Sebanyak 70% Masyarakat Masih Menganggap Pelecehan Seksual Dipicu Pakaian Korban

Yogyakarta, 5 Juni 2025—Fakultas Ilmu Sosial dan Ilmu Politik (Fisipol), Universitas Gadjah Mada turut berkomitmen dalam implementasi Undang-Undang Tindak Pidana Kekerasan Seksual (TPKS). Dalam misi ini, Fisipol tentunya berupaya meningkatkan kesadaran akan pencegahan kekerasan seksual dengan edukasi merata pada seluruh sivitas akademika, yakni dosen, tenaga kependidikan, dan mahasiswa. Mengusung tema tersebut, Departemen Sosiologi UGM mengundang Komisioner Komnas Perempuan dan Satuan Tugas Pencegahan dan Penanganan Kekerasan Seksual (PPKS) UGM pada Kamis (5/6).

Prof. Dr. Alimatul Qibtiyah, S.Ag., M.Si menyampaikan, setiap warga negara memiliki hak untuk bebas dari rasa diskriminasi, intimidasi, dan kekerasan. Kampus dinilai sebagai salah satu pusat ilmu pengetahuan di mana idealisme dan nilai-nilai kemasyarakatan tumbuh. Maka tentunya kampus perlu berupaya untuk mewujudkan lingkungan belajar yang aman dan menjadi sarana pendidikan berkarakter.

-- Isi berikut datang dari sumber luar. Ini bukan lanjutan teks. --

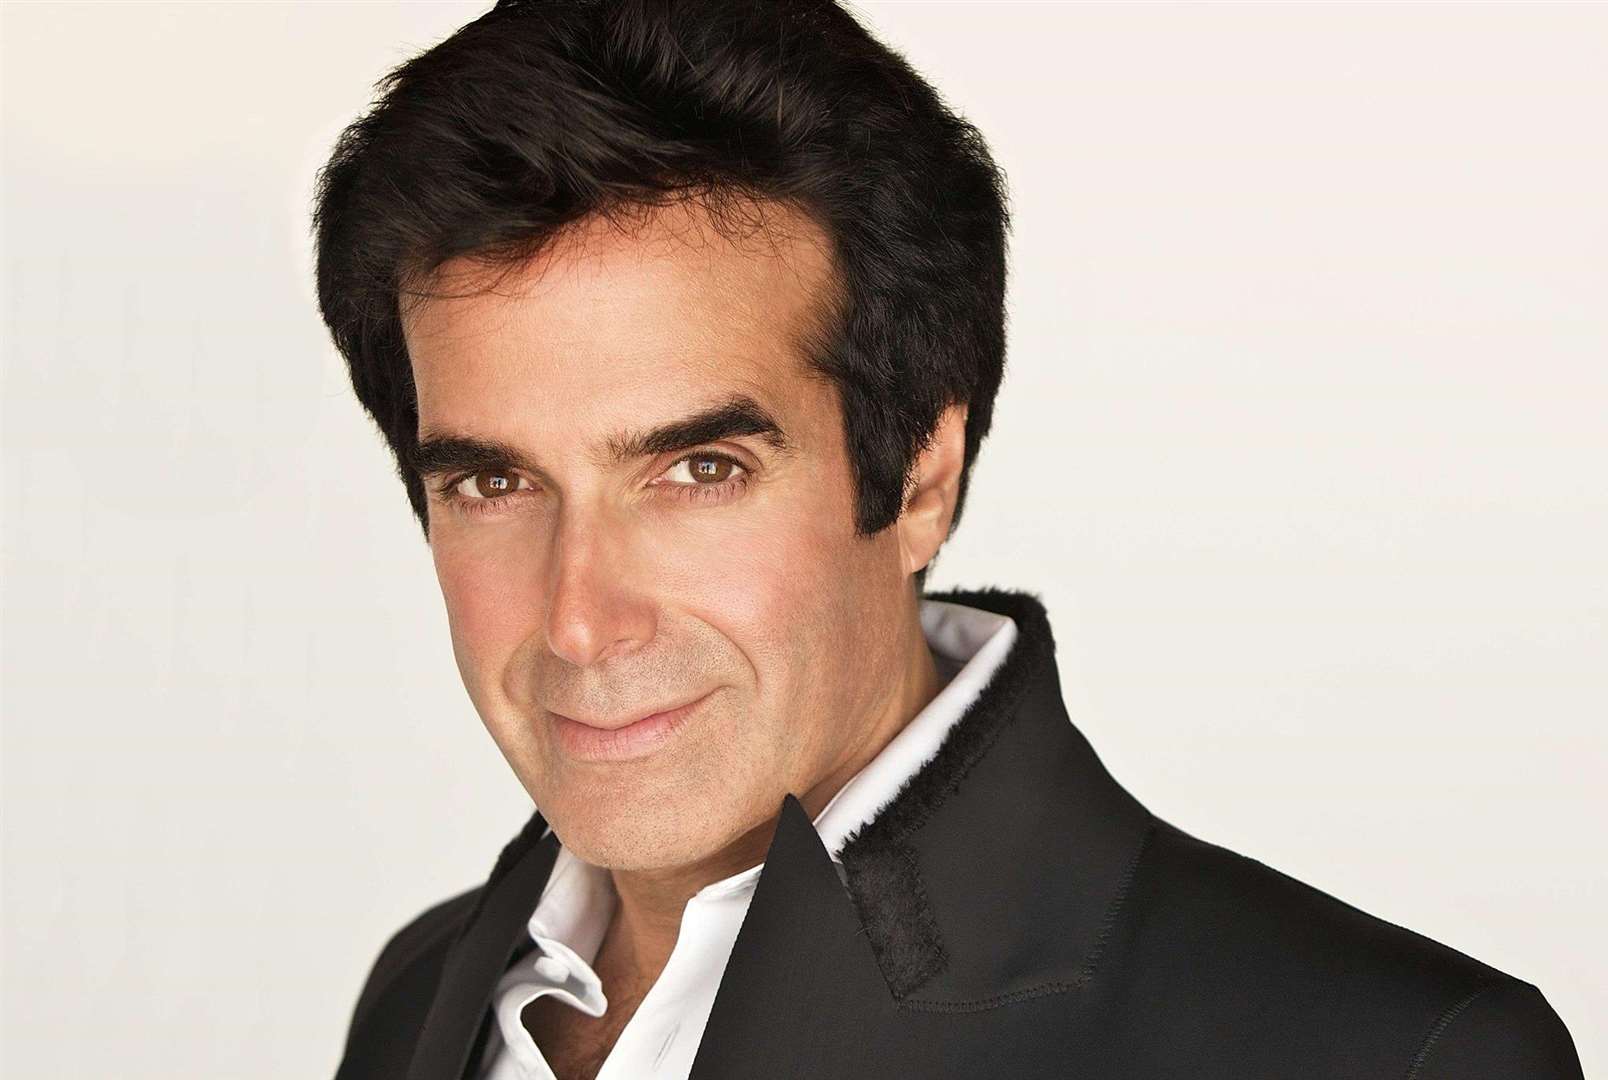 David Copperfield was forced to reveal one of his performance secrets
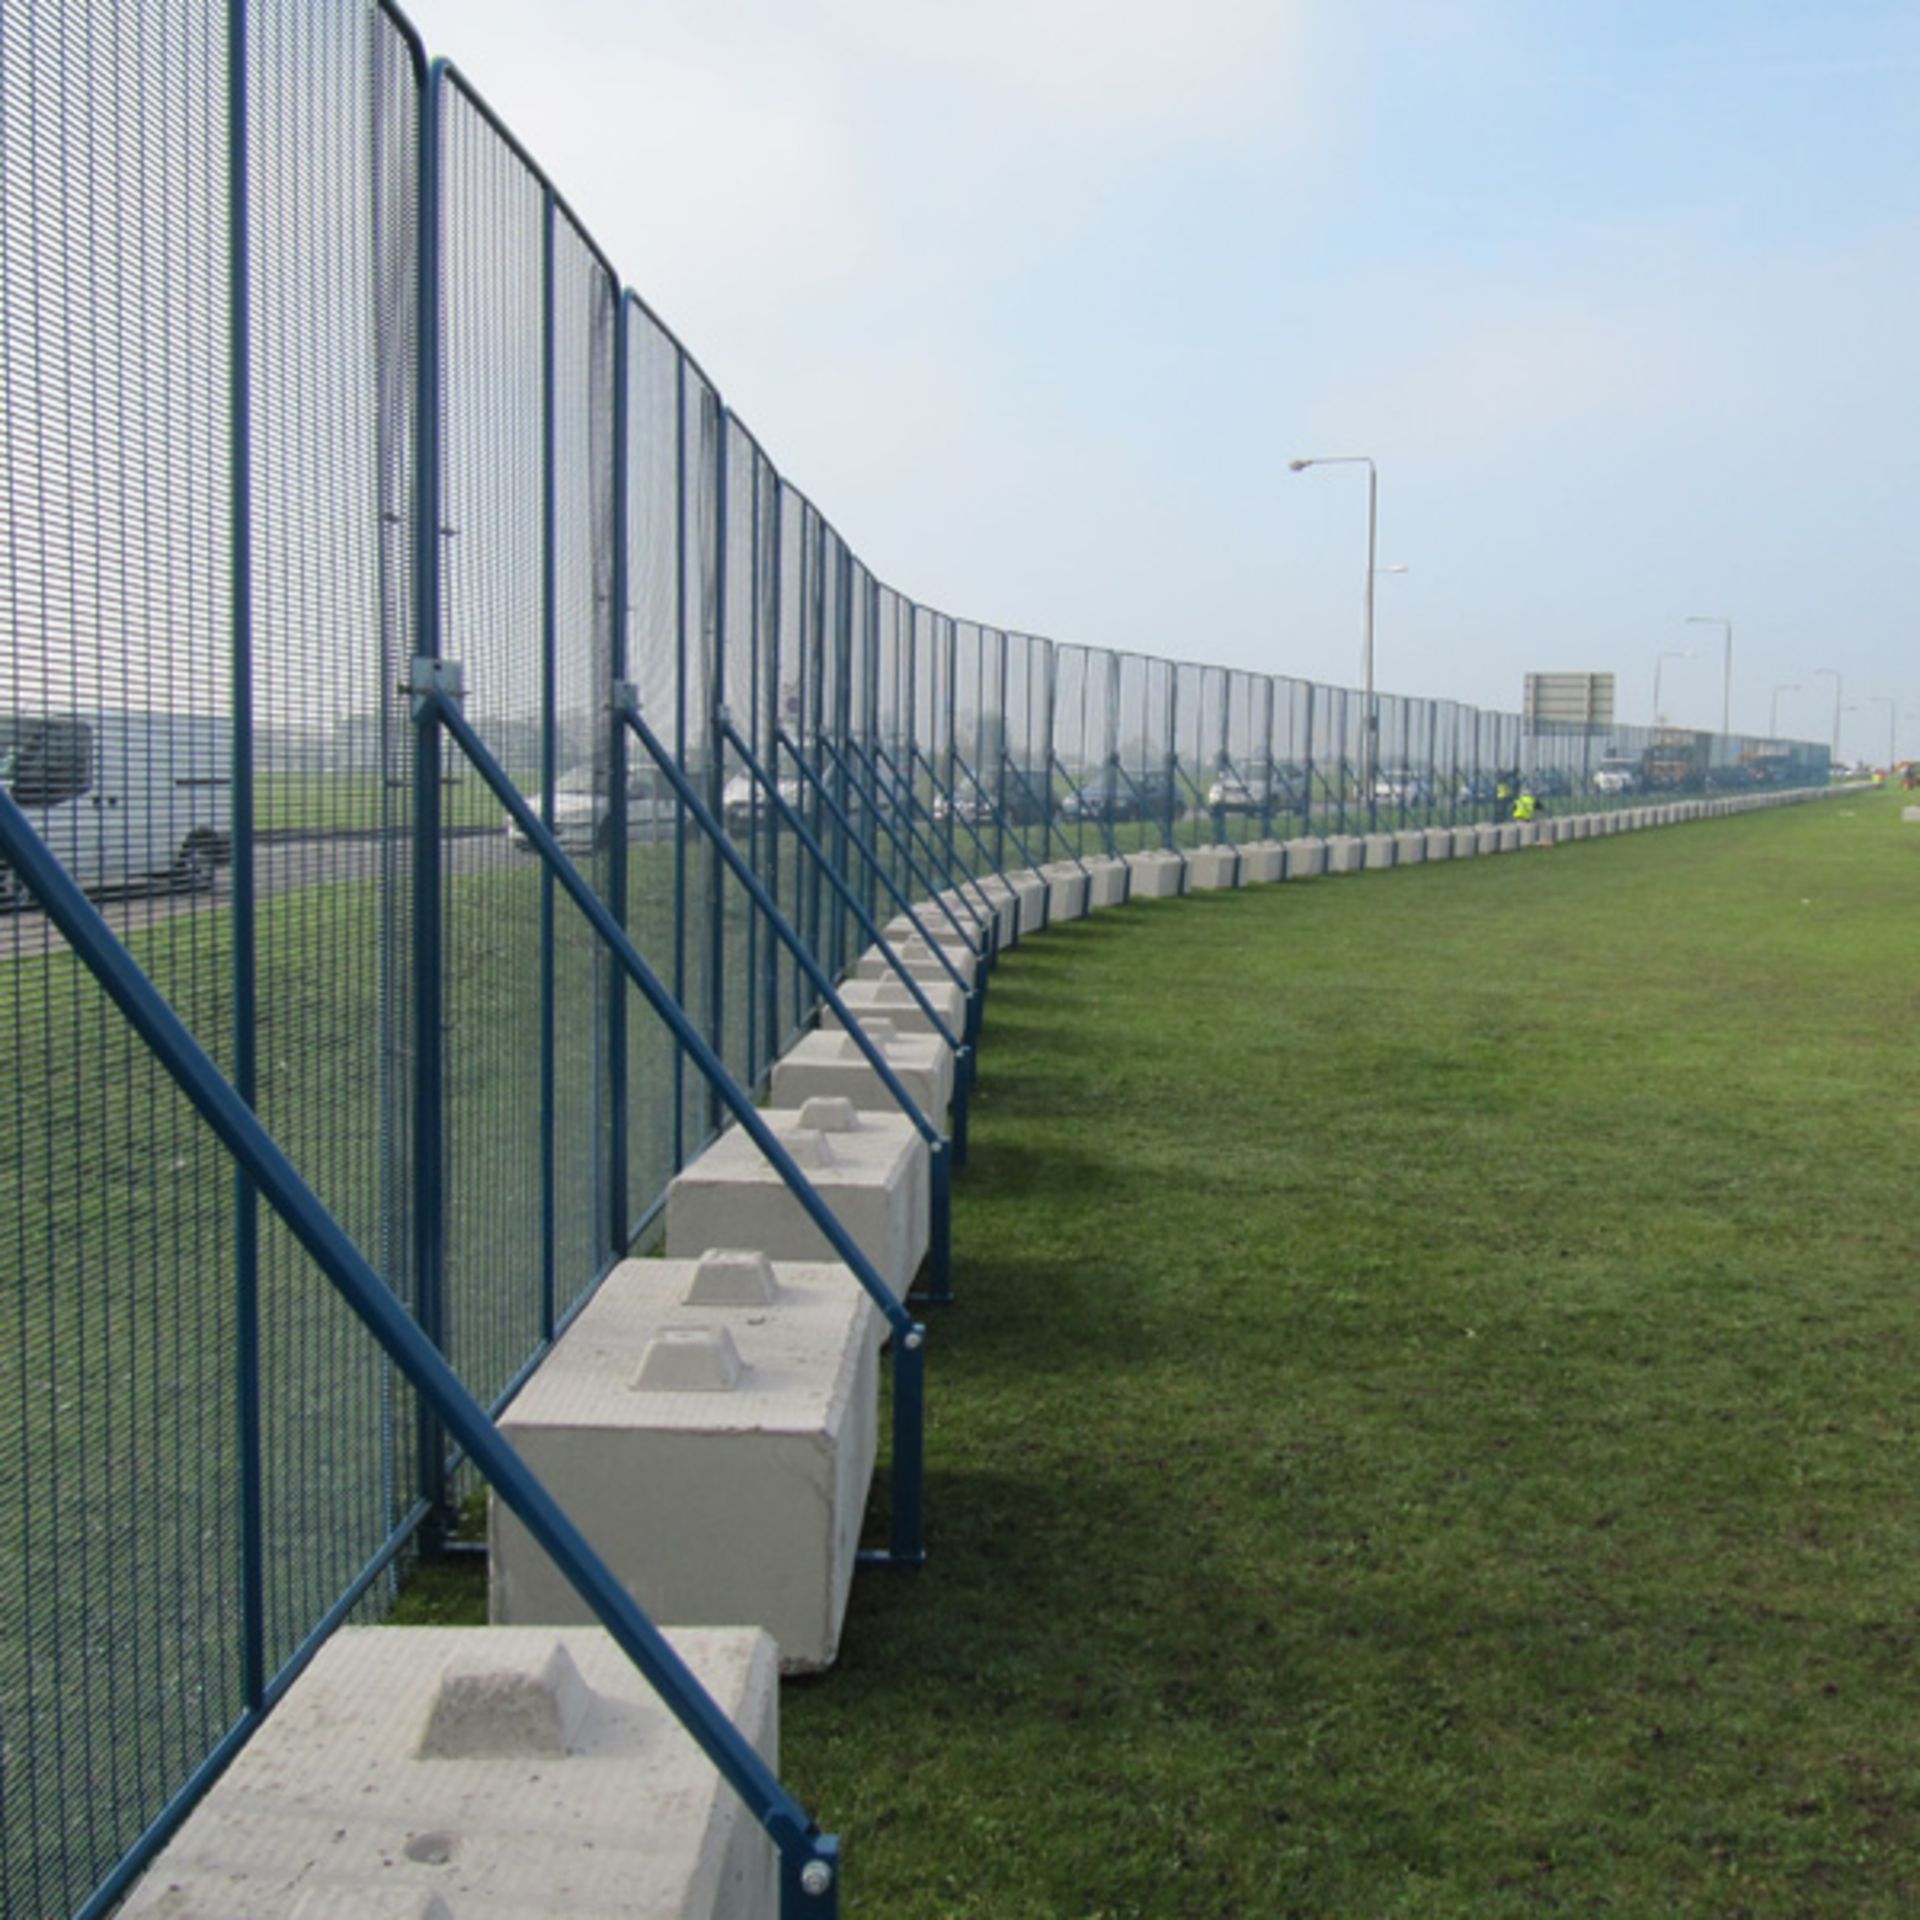 STACK OF 40NO EXTRA HEAVY DUTY ANTI CLIMB MESH COVERED RELOCATABLE FENCE PANELS. 100METRE APPROX - Image 4 of 7

Selama bertahun-tahun, Komnas Perempuan terus mendorong penurunan angka pelecehan dan kekerasan seksual. Tak hanya dari segi penanganan, strategi yang dilakukan juga meliputi pengembangan terminologi, istilah, atau definisi dari kekerasan itu sendiri. Berdasarkan Permendikbudristek Nomor 55 Tahun 2024, kekerasan adalah setiap dengan atau tanpa menggunakan kekuatan fisik yang menimbulkan bahaya bagi badan atau nyawa mengakibatkan penderitaan fisik seksual atau psikologis dan merampas kemerdekaan, termasuk menjadikan orang pingsan atau tidak berdaya. Definisi yang berbeda dengan sebelumnya memberikan spektrum yang lebih luas terhadap macam-macam pelecehan dan kekerasan seksual.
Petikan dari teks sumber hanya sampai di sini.